Mit dem Auftakt der Boston Bells Reihe begeben wir uns, für L.J. Shens Verhältnisse in etwas ruhigere Gewässer. Die sonst so derbe Ausdrucksweise und die Heftigkeit der einzelnen Charaktere sind hier wesentlich entspannter, und doch merkt man zu 100% von welcher Autorin das Buch ist. Die ersten Seiten sind typisch für sie, es wird jedoch um einiges zurückhaltender mit voranschreiten der Geschichte.
Wem die ASH- oder SoS-Reihe zu heftig war, dem könnten mit Sailor und Hunter eine gute Alternative bieten. Jedoch glaube ich, dass die nächsten beiden Bände der Boston Bells wesentlich verdorbener und dreckiger werden. Der Schreibstil ist ansonsten locker und flüssig zu lesen, man fliegt förmlich durch die Kapitel. L.J. Shen baut immer einen kleinen Spannungsbogen auf, welcher sich gut durch die Geschehnisse zieht, ohne dass man ahnen könnte, was dahintersteckt.
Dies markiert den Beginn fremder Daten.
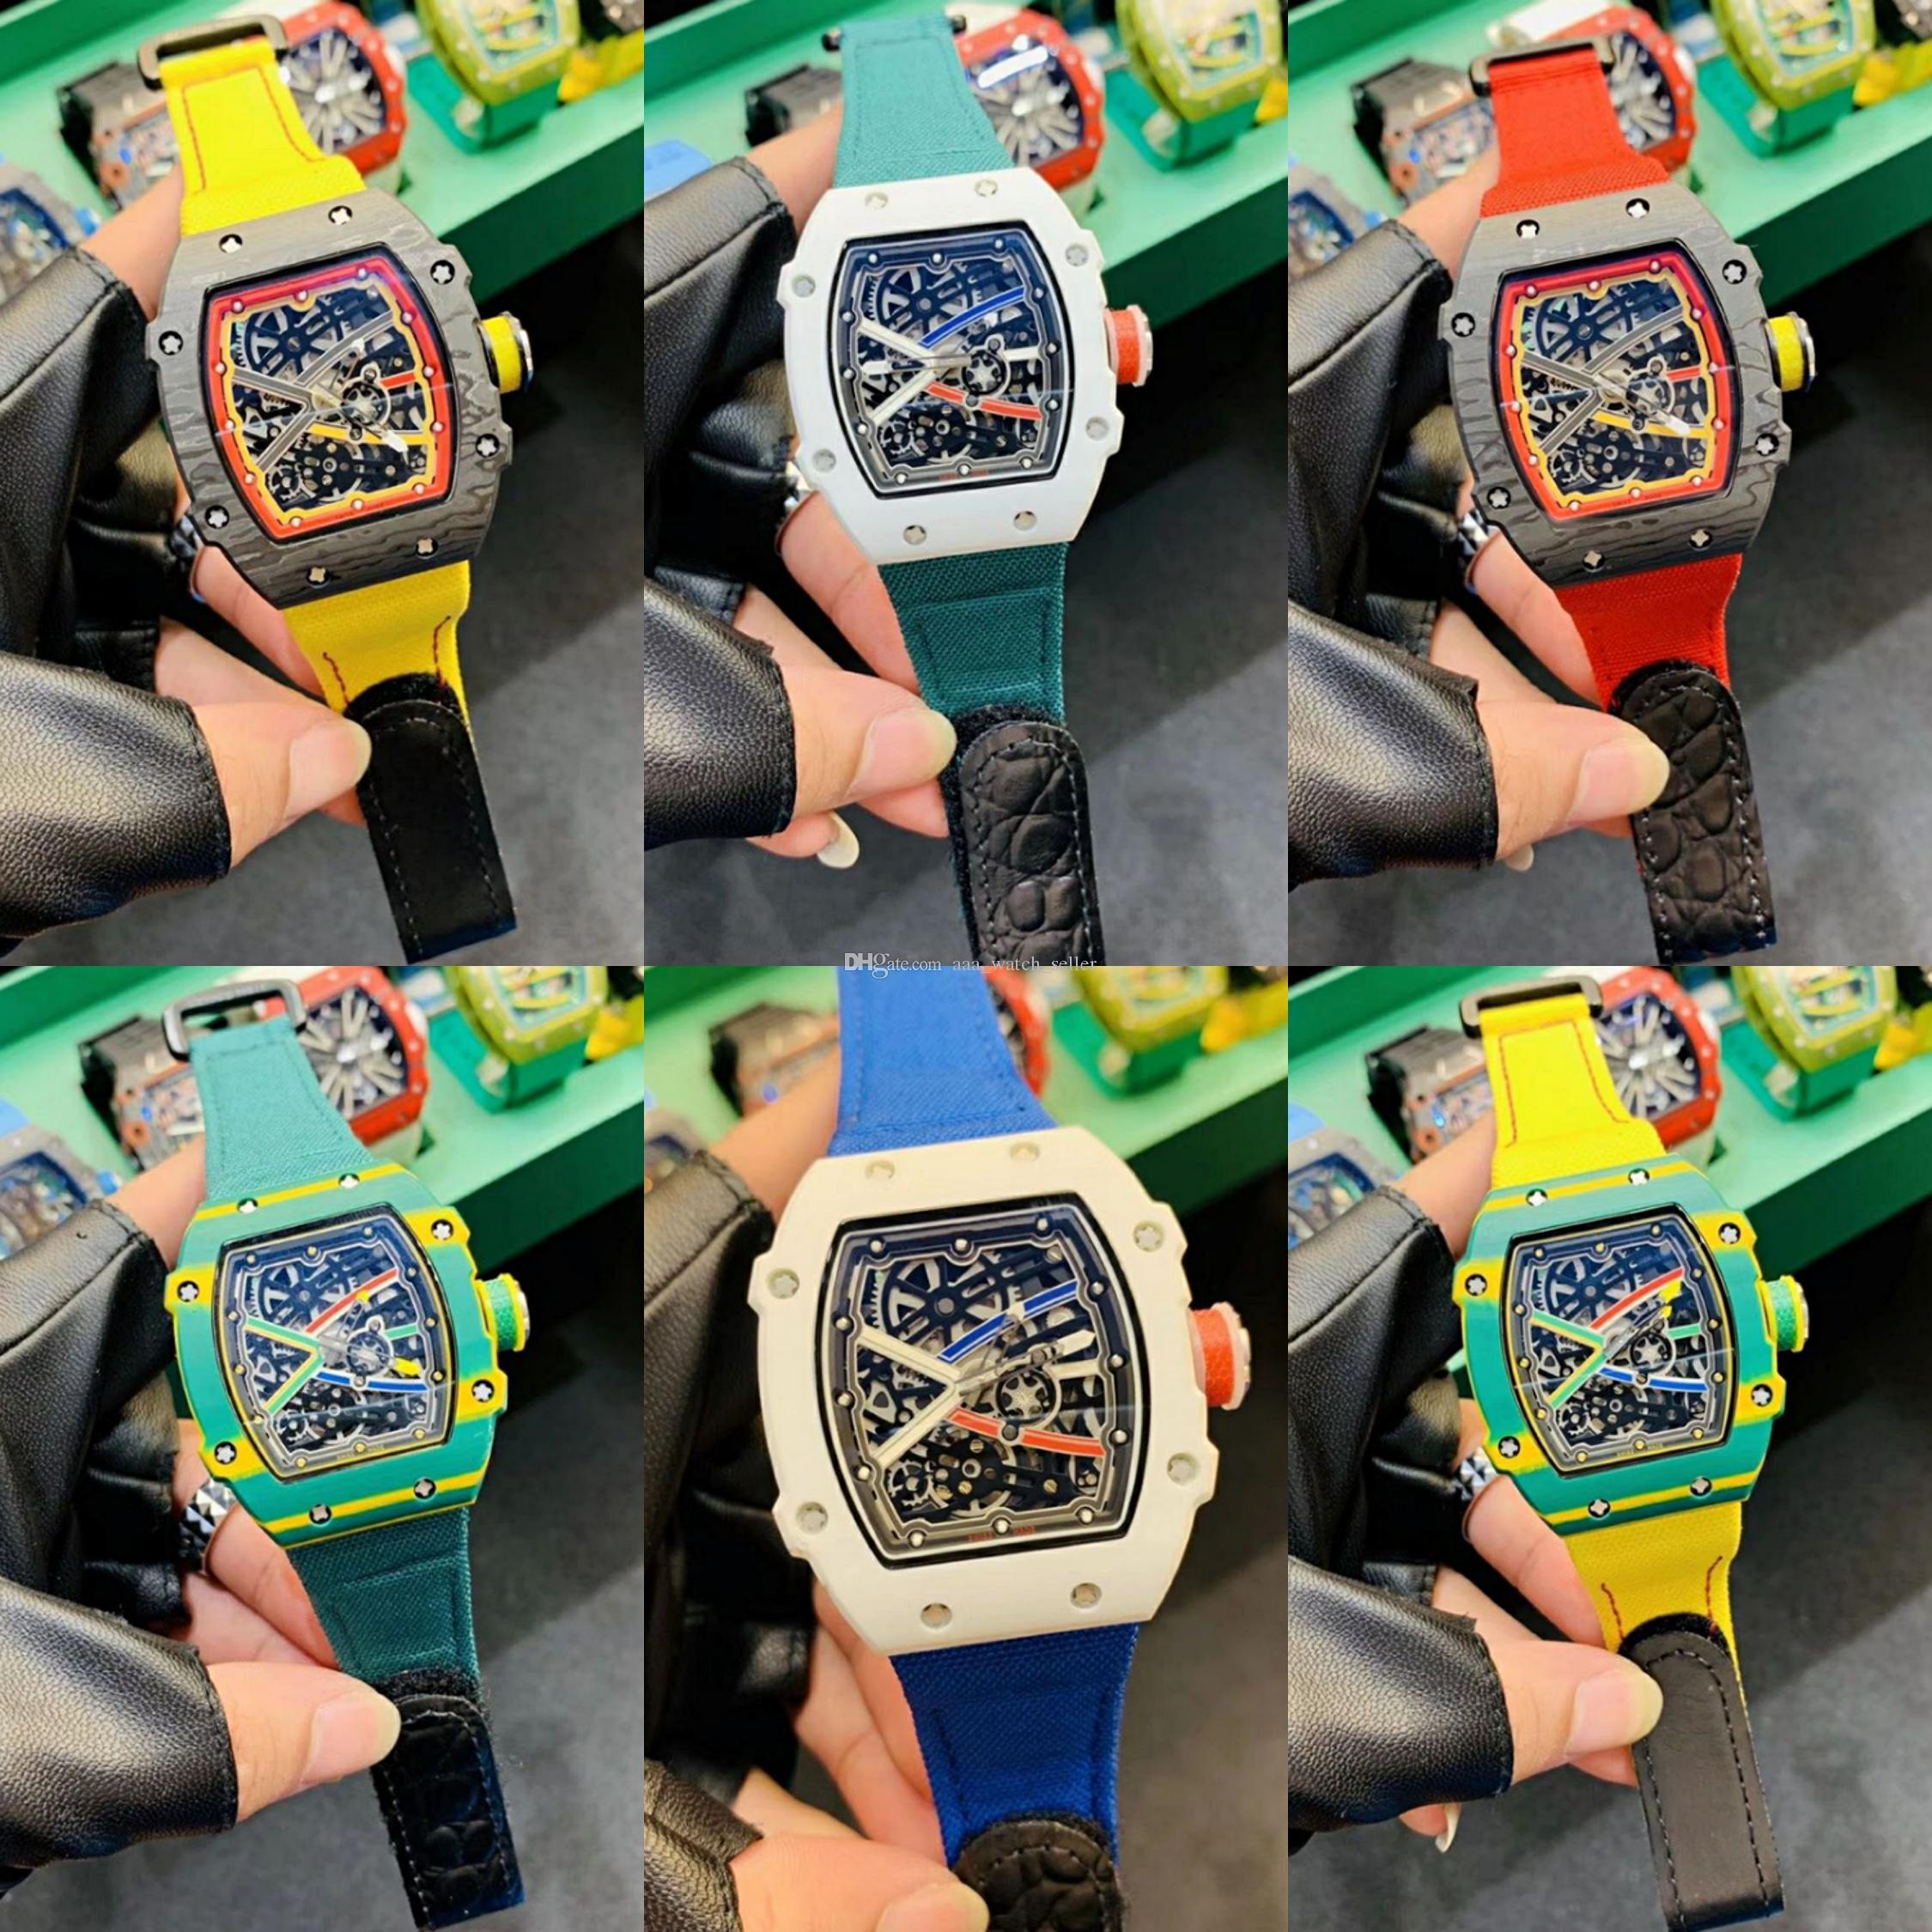 6 стилей высочайшее качество главных роскошных мужских часов 57-02 052 27-03 углеродное волокно сакел скелет автоматическое движение мужские спортивные наручные часы

Bei ihr muss man auf alles gefasst sein, du weißt nie welche Bombe auf der nächsten Seite platzen könnte. Selbst wenn man sich das schlimmste vorstellt, kann es einen völlig unerwartet treffen. Eine Kunst, die sie absolut perfekt beherrscht. Schonungslos und mutig sind zwei sehr treffende Worte für ihre Geschichten.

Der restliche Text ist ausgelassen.